Everything in the chapel was either old or made to look old, from the doors to the trim to the flooring.

Interesting fact: Where does one buy pews, stained glass windows and pulpits from the 1800’s? Well,, of course.

“When you are looking for unique materials, you have to buy them even if you are not ready to put them in yet,” said Holloway. “Because you are not going to find them again.”

At 5 p.m. as the guests were arriving, Holloway was on a front-end loader hauling the last pile of construction debris away as workers were throwing sod down on both sides of the walkway as people were walking into the chapel.

“At 5:30 p.m., I ran to the house to take a shower,” said Holloway. “I got on my tuxedo and it was 6:15 p.m. looked at my wife and daughter and said ‘What were you so concerned about? I still have 15 minutes to spare. I feel like I’m wasting time.’ So, we literally got finished 15 minutes before the wedding. It was as close as you could cut it.”

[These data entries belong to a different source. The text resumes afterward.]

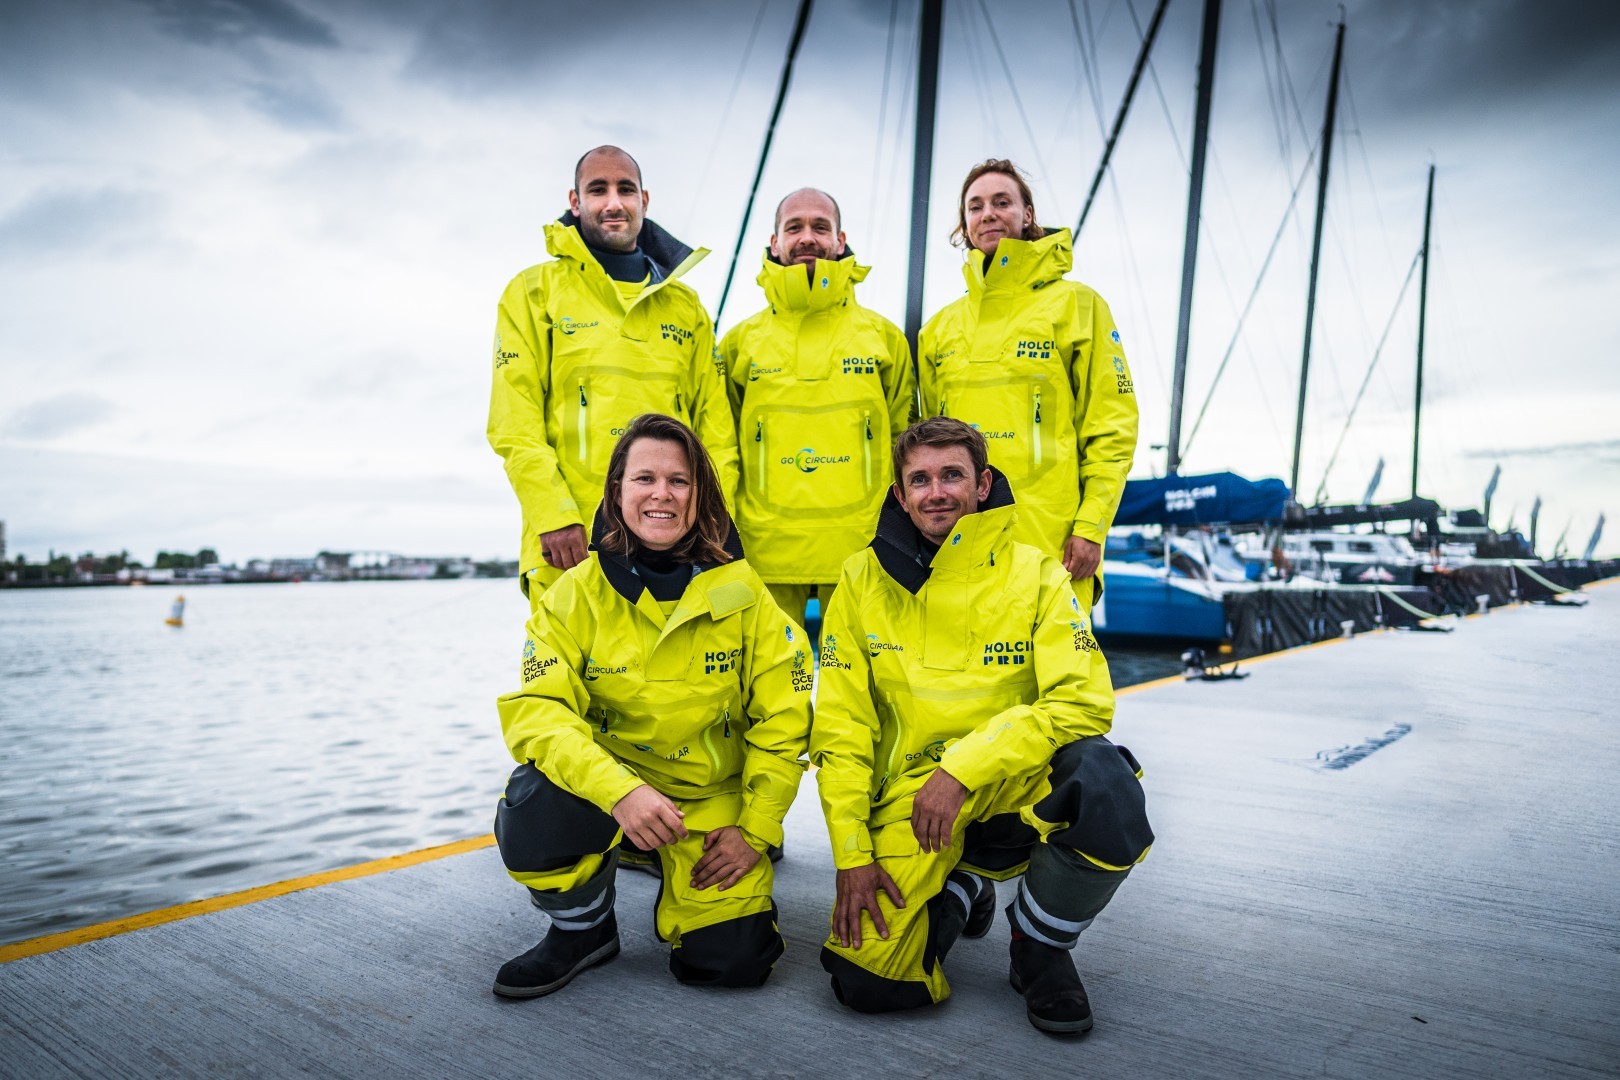 Team Holcim - PRB crew for Leg 4.
© Julien Champolion | polaRYSE / Holcim - PRB / The Ocean Race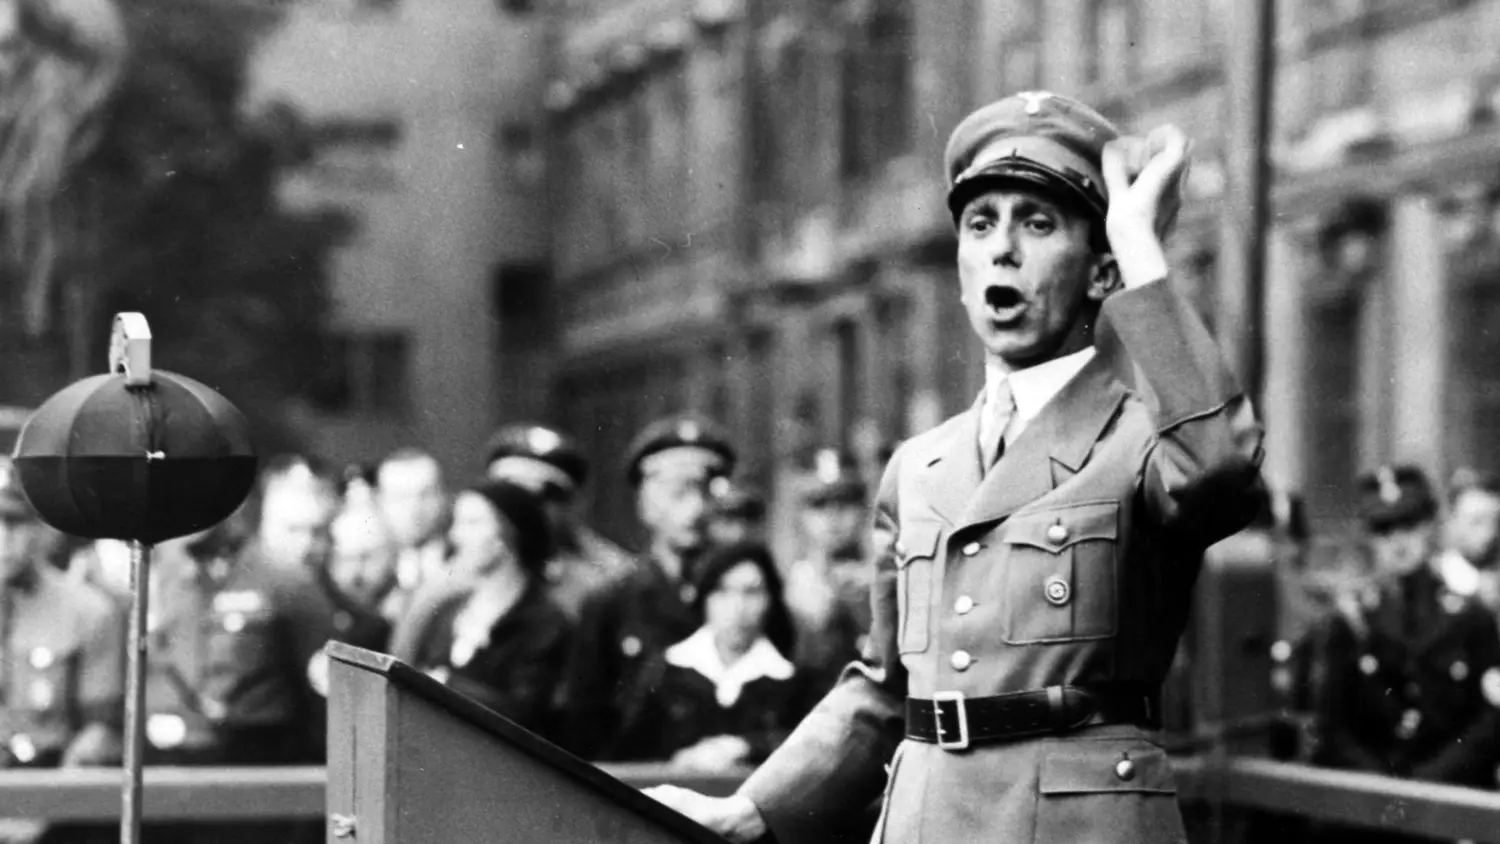 Goebbels 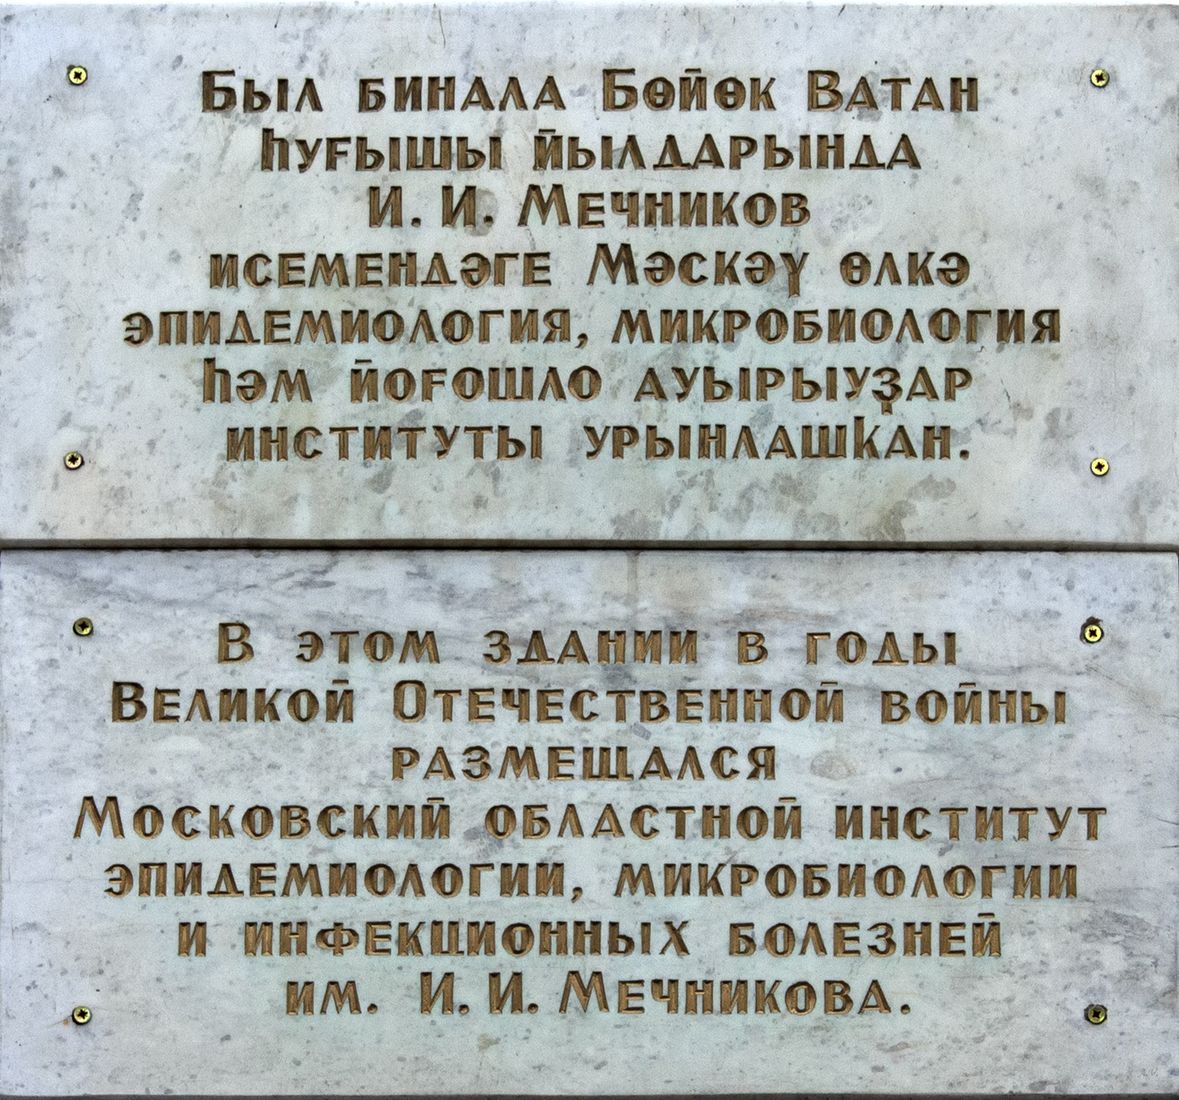 Ufa, Улица Октябрьской Революции, 3А. Ufa — Memorial plaques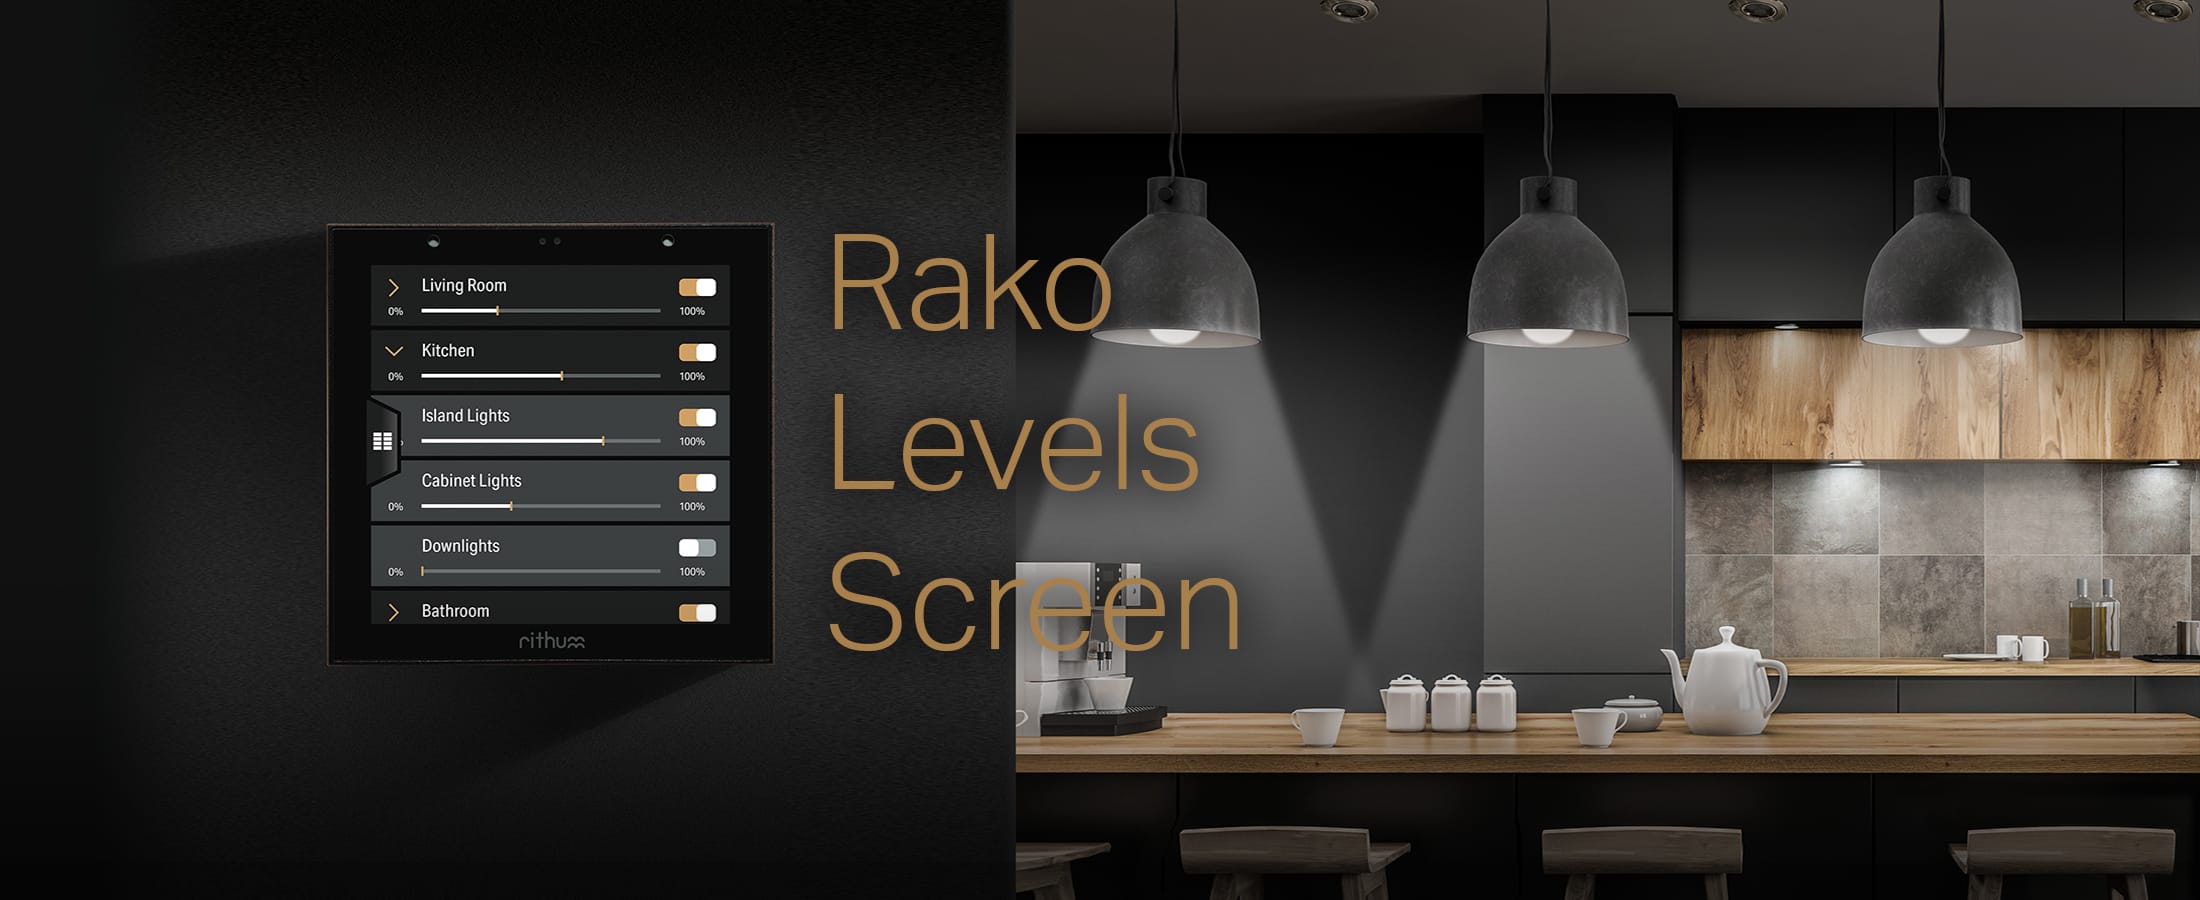 Rako Levels Screen

In honor of the first wedding held in the chapel, Holloway had the forethought to put Bibles in the foundation under front and back thresholds, pillars and footers with an inscription saying that the first wedding took place on Apr. 22, 2006 before he started building the chapel.

“So, had we not finished, I would have had a hard time explaining why those Bibles were written in that the wedding had taken place on Apr. 22, 2006 in that building,” he said. “We believed that we would get it done and we did get it done. But, it was amazing and it was a miracle. There is no way humanly possible that anybody could have gotten it done in 24 days.

“I show it to other builders and they ask how long it would have normally taken to build and I say six months and they ask how much would it have cost and I say three times what we spent on it. It was truly a miracle. But, it is the cornerstone of our faith and the cornerstone of the community.”

Grace Chapel will not hold regular services. But, once the community is up and running, Holloway would like to invite pastors, evangelists, ministers and missionaries to come for a week at a time and enjoy the facilities, rest and give testimony. The chapel will also be available for weddings to residents as well.

Holloway’s entire family is involved in the real estate/building industry.

Son Morris Ashton, who has a master’s degree in architecture and is a licensed Florida builder, designed the chapel and will be heavily involved in building the amenities and some of the houses in the community. Oldest son Strickland III lives in Georgia, but comes and helps out on the project as well.

His newly married daughter, Whitney - now Mrs. William Wasden - is a real estate broker and owner (with husband Bill) of Wasden Land Brokers and Plantation Properties and Land Investments. Holloway’s wife Pamela is the interior decorator and as he says, “She is the detail person who makes it all come together.”

Waterman’s Bluff is located in a very remote location off of Chester Road in Yulee. There are currently four families living there and it’s planned toeventually have 142 homes. Lots are from $300,000 to $950,000.